Researchers at University College London (UCL) and the University of Greenwich have demonstrated a new technique that could significantly enhance the quality of 3D-printed components for safety-critical applications, such as aircraft and Formula 1 racing cars.
The study, published in Science, reveals that applying a magnetic field during laser-based 3D printing can reduce the formation of defects in metal alloy components by up to 80 per cent.
According to a news release, the research team used advanced X-ray imaging to investigate the causes of imperfections in complex 3D-printed metal structures.
Conducting high-speed synchrotron X-ray imaging at the Advanced Photon Source (APS) in Chicago, they captured the intricate interaction between the laser and metal powder at time intervals shorter than a thousandth of a second.
Their findings revealed that laser-induced heating generates a keyhole-shaped vapour depression, which, if unstable, leads to the formation of pores that weaken the final product.
Dr Xianqiang Fan, first author of the study from UCL Mechanical Engineering, explained how the application of a magnetic field stabilises this process.
“When the laser heats up the metal, it forms a liquid pool accompanied by a vapour plume, which pushes the molten metal apart, creating a J-shaped depression. Surface tension causes ripples that break off and form pores in the finished component.”
“Applying a magnetic field induces thermoelectric forces that modify the fluid flow, transforming the J-shaped cavity into a more stable ‘I’ shape, thereby preventing pore formation,” he explained.
The laser-based 3D printing process allows for the creation of highly complex alloy components by selectively melting layers of metal powder.
While this enables precision manufacturing for applications ranging from titanium bicycle parts to biomedical implants, the instability of the molten pool remains a challenge.
Professor Peter Lee, senior author from UCL Mechanical Engineering, highlighted the broader implications of the research.
“Though keyhole pores in these types of components have been known about for decades, strategies to prevent their formation have remained largely unknown.

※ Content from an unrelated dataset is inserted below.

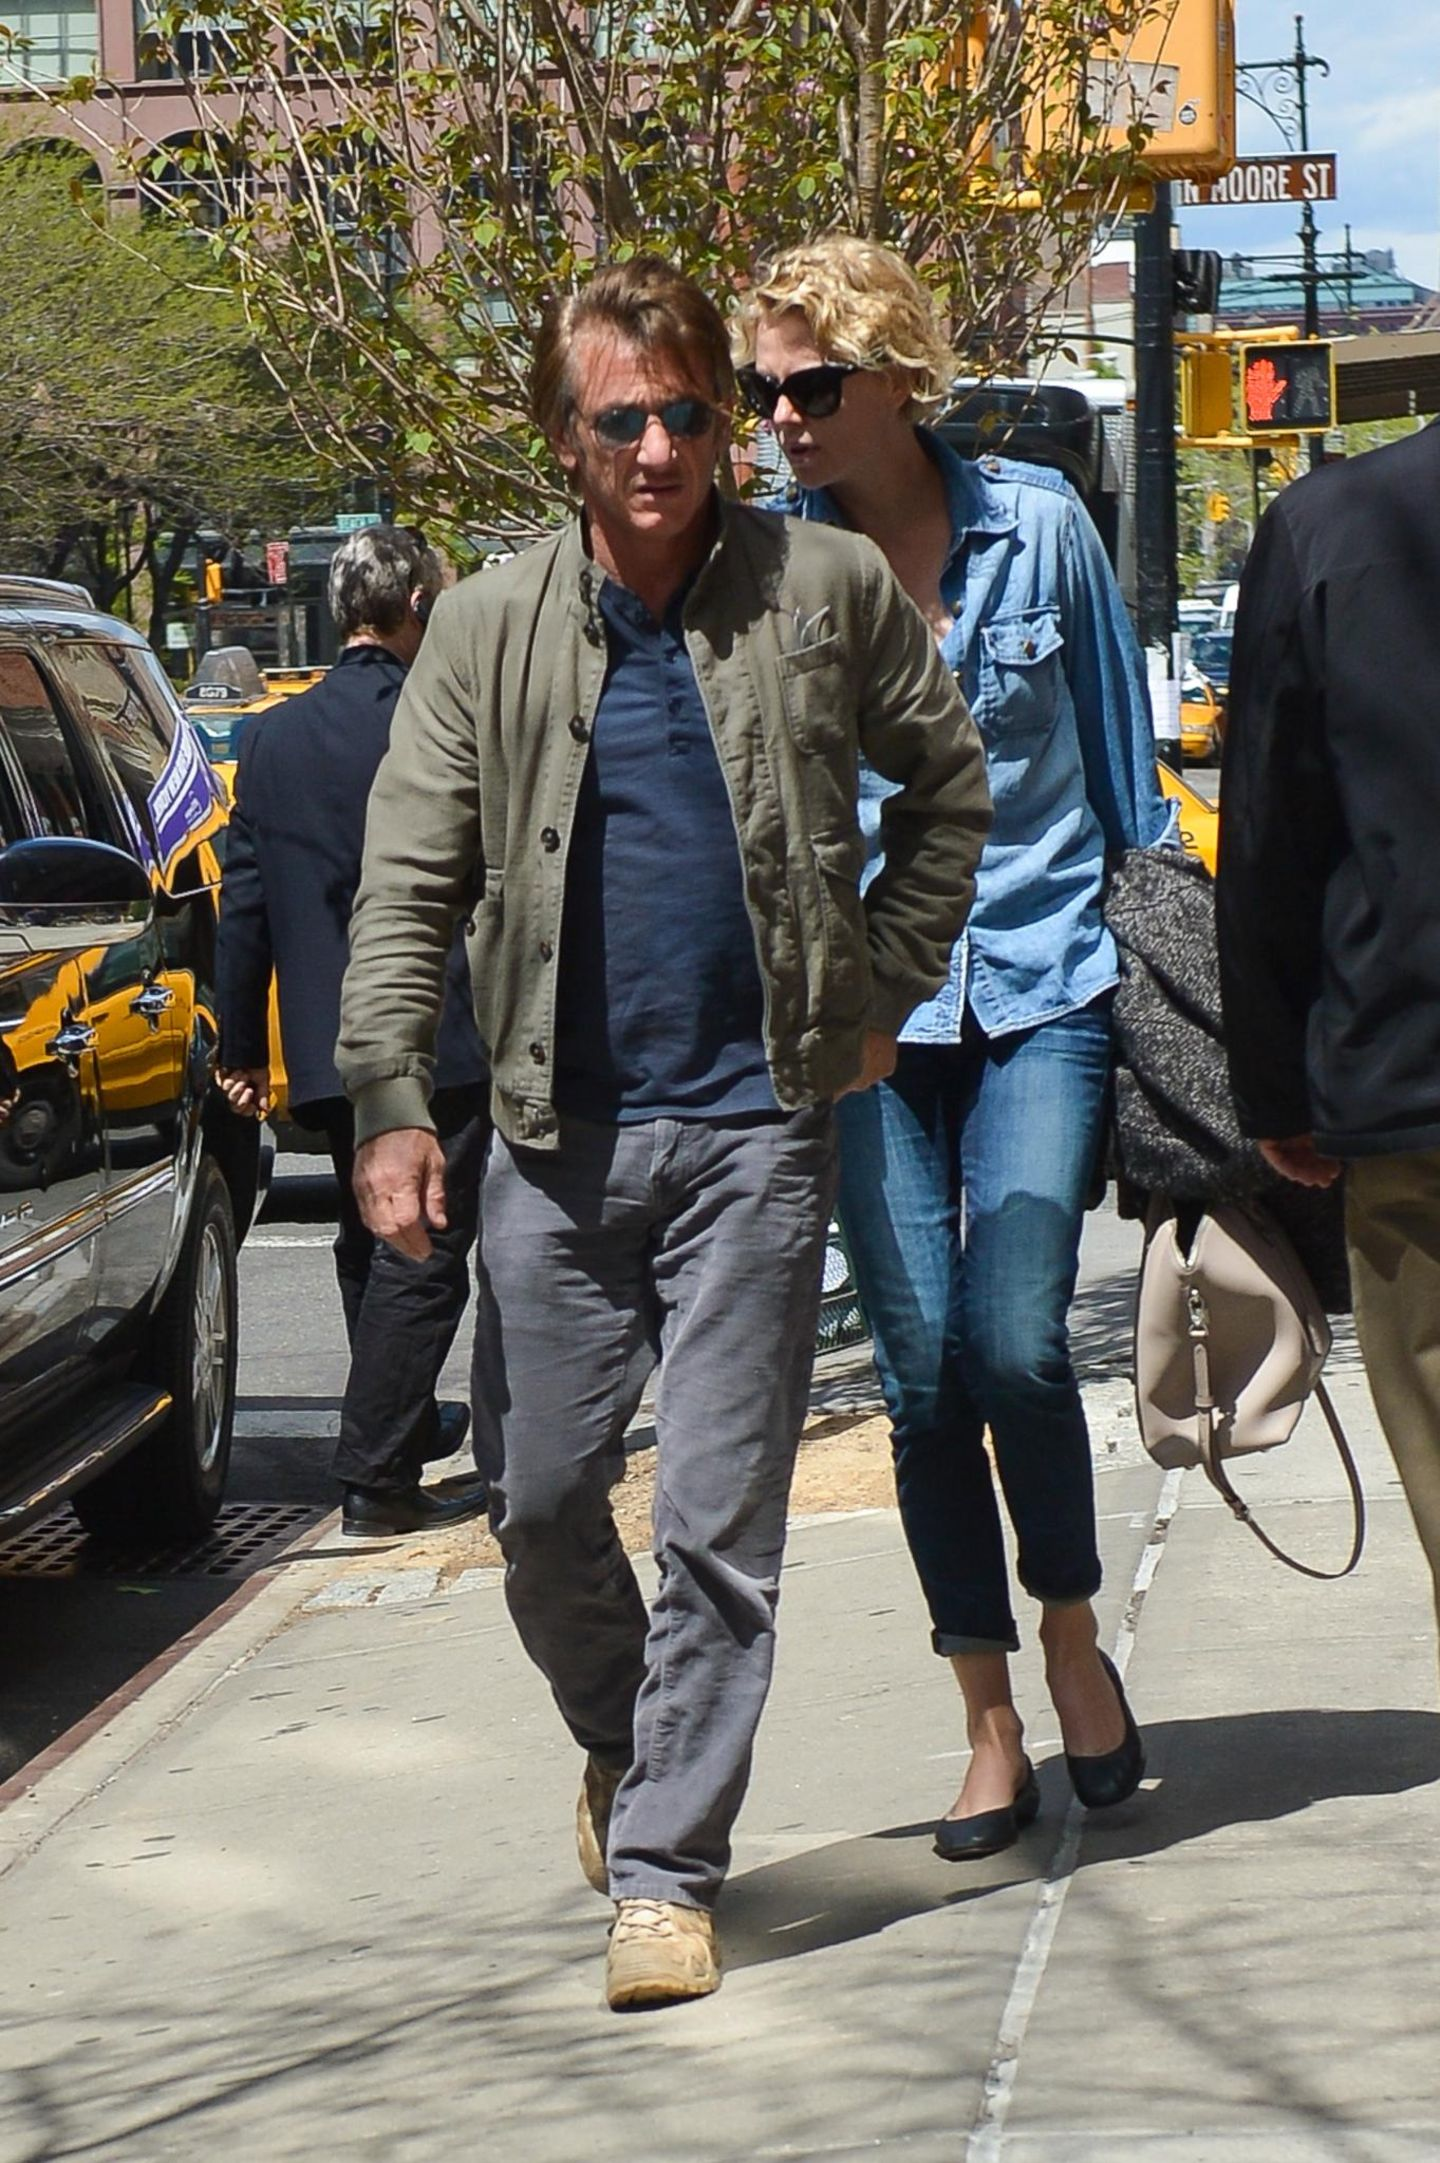 6. Mai 2014: Sean Penn und Charlize Theron werden in Manhatten vor ihrem Hotel von einem Auto abgeholt.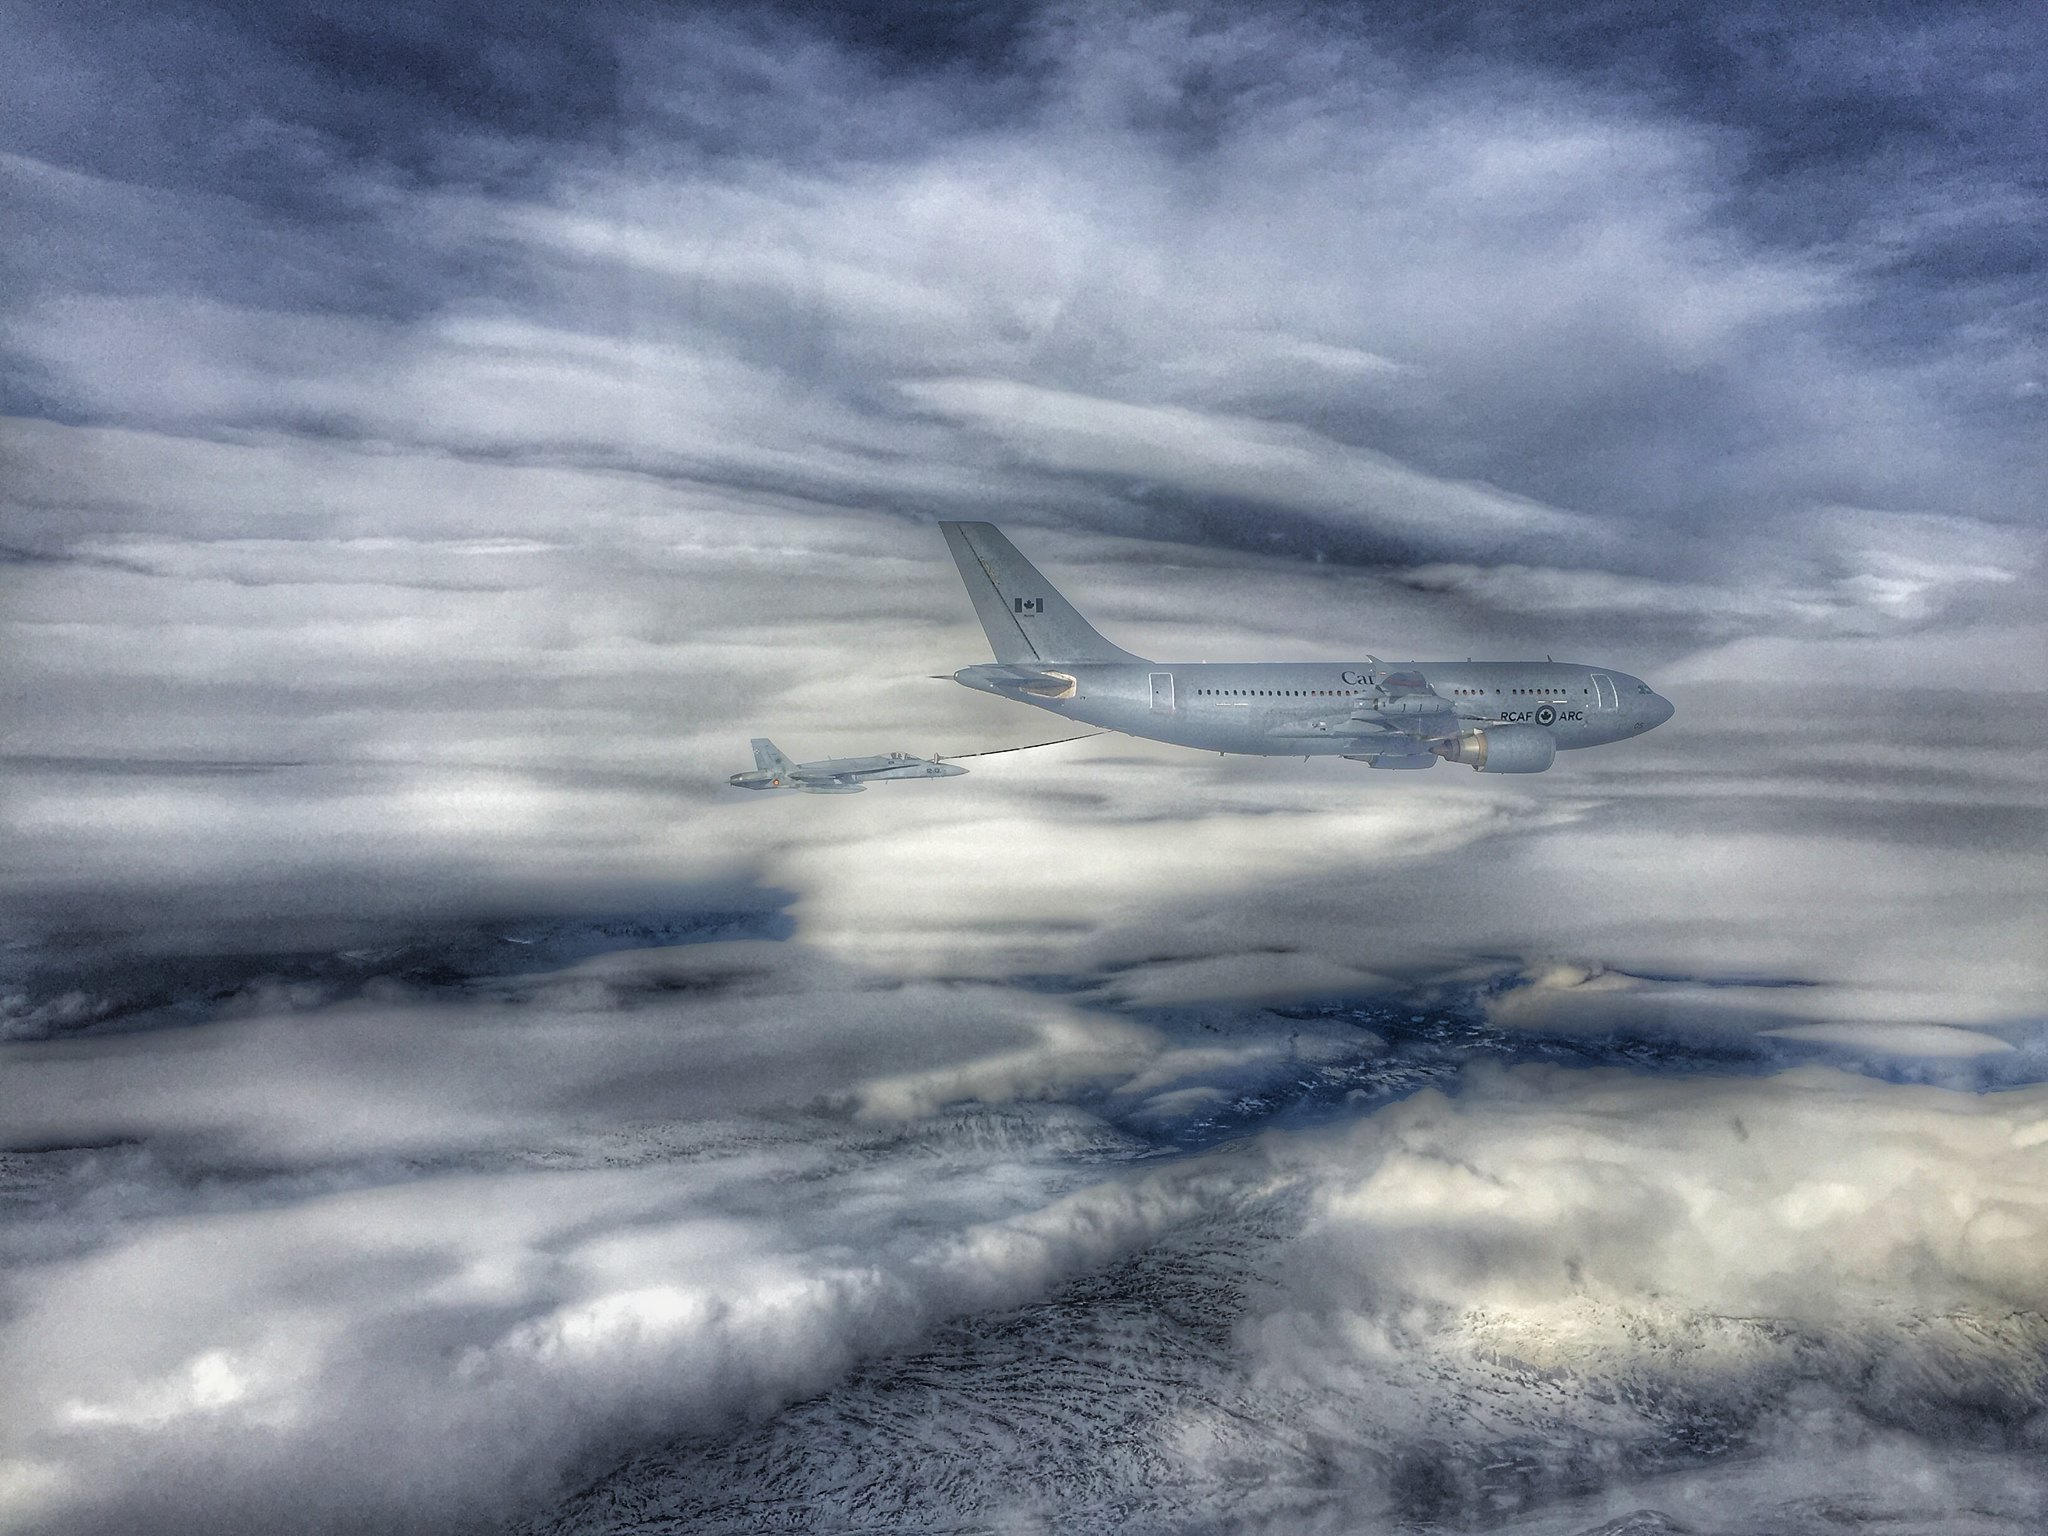 Reabastecimiento en vuelo desde un Hércules canadiense

One thing that has been shown to occasionally help is applying a magnetic field, but the results have not been repeatable and the mechanism by which it works is disputed,” he stated.
While the findings hold promise, the researchers acknowledge that integrating magnetic fields into large-scale manufacturing processes presents technical challenges.
Professor Andrew Kao, senior author from the University of Greenwich, emphasized the significance of these insights.
“Our research sheds light on the physical forces involved in this type of manufacturing, where there are intricate dynamics between surface tension and viscous forces. Applying the magnetic field disrupts this and further introduces electromagnetic damping and thermoelectric forces and, in this work, the latter acts to beneficially stabilise the process,” he said.
The research is supported by the UK’s Engineering and Physical Sciences Research Council (EPSRC) and the Royal Academy of Engineering.